Kelberman v. Kelberman

W. SHARP, Judge.

Deborah Kelberman appeals from a dissolution judgment which severed her marital relationship with Marshall Kelberman, her former husband. She argues that the trial court erred by not making an equitable distribution of the parties’ marital assets, by denying her permanent alimony and awarding her only a minimal amount of rehabilitative alimony, by not awarding her far more extensive visitation with the parties’ two young children, and by denying her an award of attorney’s fees. We affirm the judgment in all regards, except the denial of attorney’s fees. Canakaris v. Canakaris, 382 So.2d 1197 (Fla.1980).

The record discloses that the parties’ financial situations in this case were quite disparate. Marshall had an excellent job with the hotel industry, and was earning $89,000 per year. Deborah had in the past earned as much as $40,000 in the hotel industry.

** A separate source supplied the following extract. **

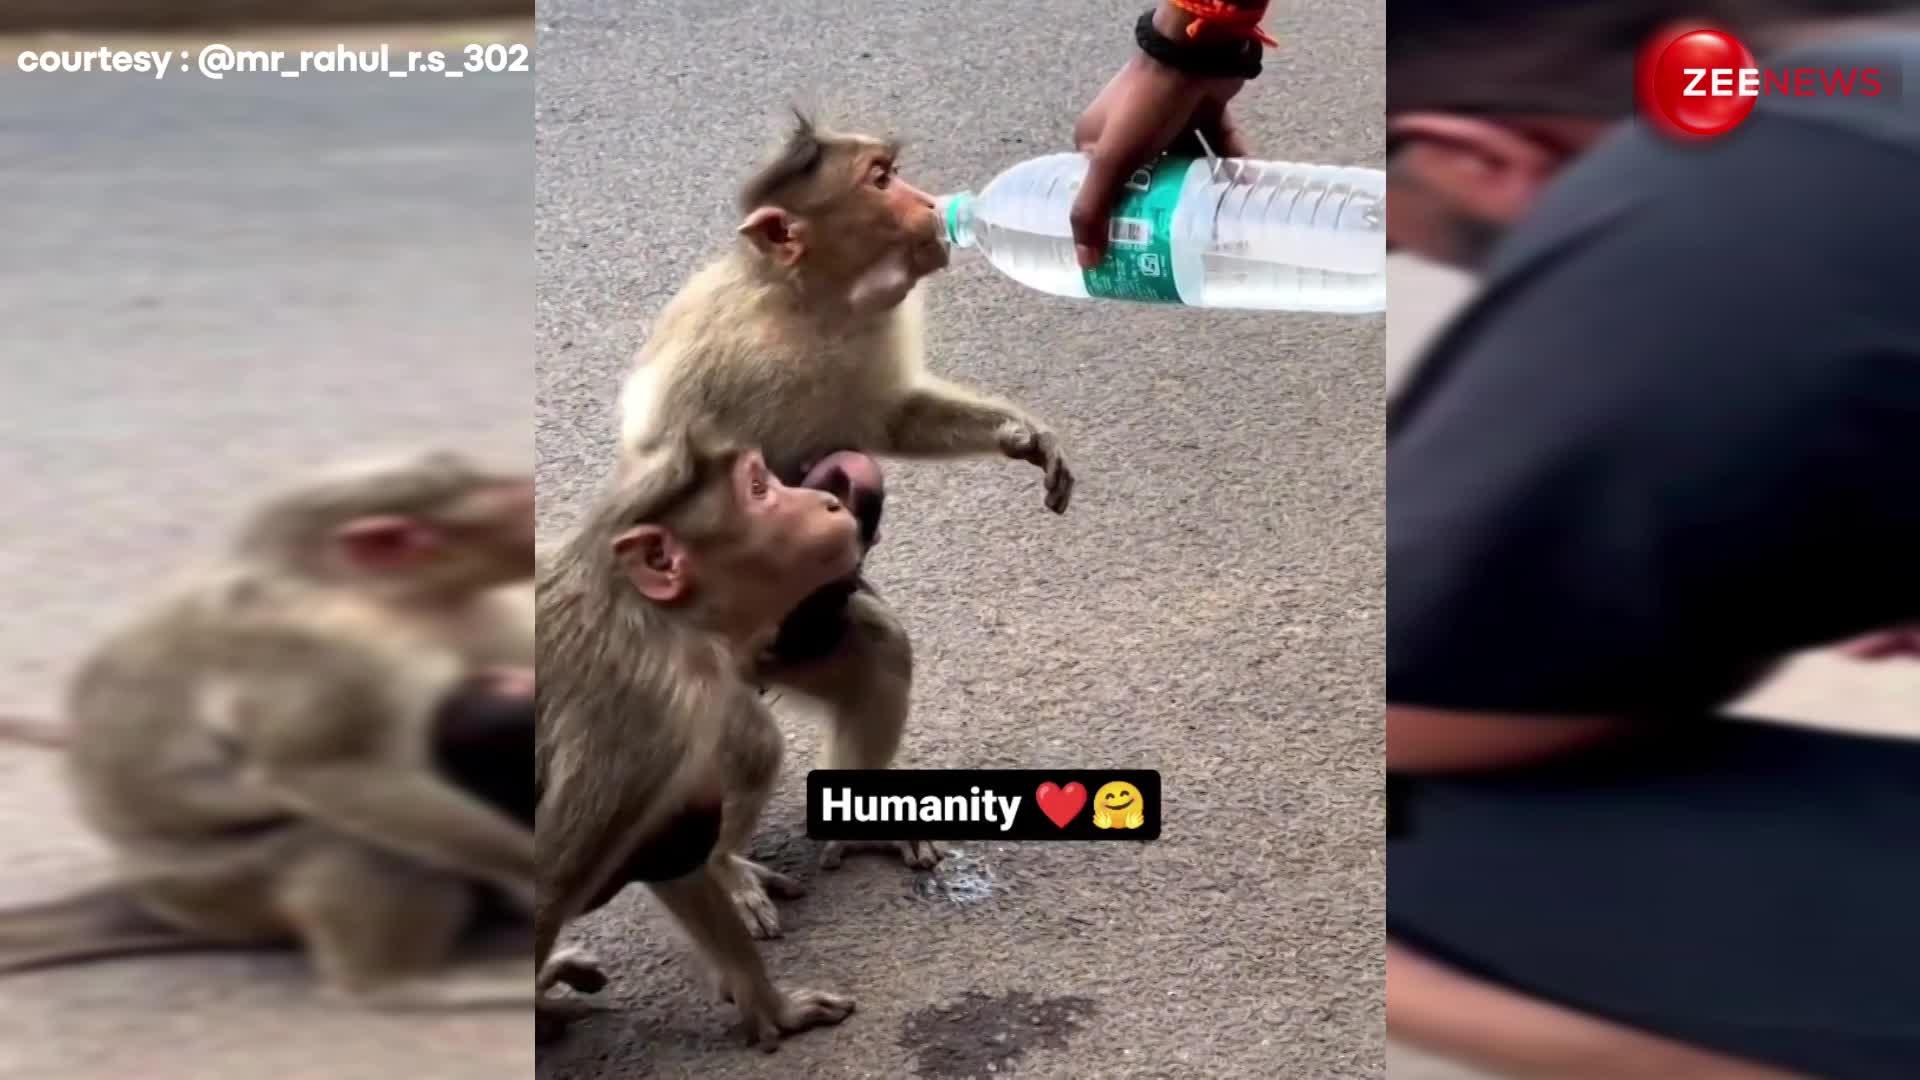 गर्मी से परेशान हुआ बंदर, तो शख्स ने कुछ ऐसे बुझाई प्यास, वायरल हुआ दिल छू लेने वाला VIDEO
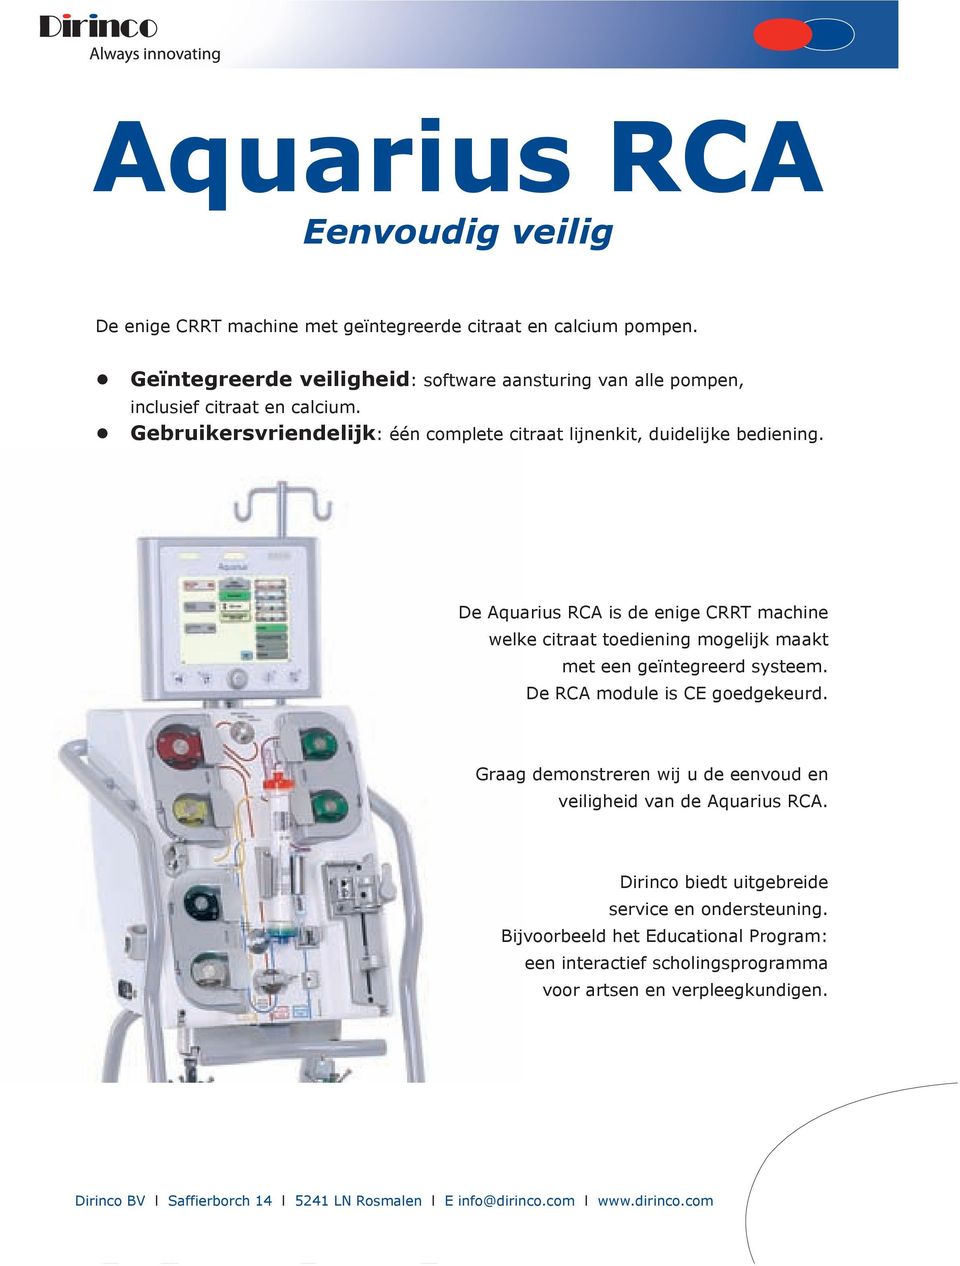 De Aquarius RCA is de enige CRRT machine welke citraat toediening mogelijk maakt met een geïntegreerd systeem. De RCA module is CE goedgekeurd.

However, shortly after the parties separated, she lost her job. Some two years later, at the time of trial, she had not obtained another, despite having made efforts to do so. She had no earnings other than unemployment compensation, which was about to expire. She also had no other income sources other than the generosity of her family members, and her significant other, with whom she lived. The extent of their contributions to her support was not established at trial.

Further, the record established that Deborah had, at the time of the dissolution, very few assets. She had been forced to cash in her pension plan. The only asset awarded to her by the dissolution judgment was a boat with a value of approximately $3,000, which she will have to sell due to her inability to make the remaining payments. By comparison, the former husband was well off. He owned the parties’ former marital residence worth $175,000, which had an equity value of $20,000, a money market account with a balance of near $10,000, and other liquid assets.

It appears the parties’ relative abilities to afford adequate legal representation and pay the costs of litigation are not even close to being equal. There was unrefuted testimony that Deborah’s counsel had not been paid the majority of her fees, and that only by her attorney’s good graces was she able to have legal representation at trial. This is a classic situation in which attorney’s fees and costs should have been awarded to the impecunious spouse. See Abernethy v. Fishkin, 638 So.2d 160 (Fla. 5th DCA 1994); Nowell v. Nowell, 634 So.2d 235 (Fla. 1st DCA 1994); Portuondo v. Portuondo, 570 So.2d 1338 (Fla. 3d DCA 1990).

In the final judgment, the trial court justified its denial of attorney’s fees to the former wife because the former husband paid more than his share of marital expenses and child support, following the parties’ separation, and the former wife delayed the dissolution proceedings. However, the record does not support the court’s finding that Deborah delayed the instant lawsuit, and she was (in effect) penalized for not being able to pay any portion of the mortgage on the marital home during the parties’ separation period, by the court’s ultimate disallowance to her of her $6,500 equity, which existed in the marital home when the parties separated.

The judgment is affirmed in all regards except the disallowance of attorney’s fees. This cause is remanded for an evidentiary hearing to determine the proper amount which should be awarded to the former wife for costs and attorney’s fees.

AFFIRMED in part; REMANDED for further proceedings.

GOSHORN, J., concurs. COBB, J., concurs in part, and dissents in part with opinion.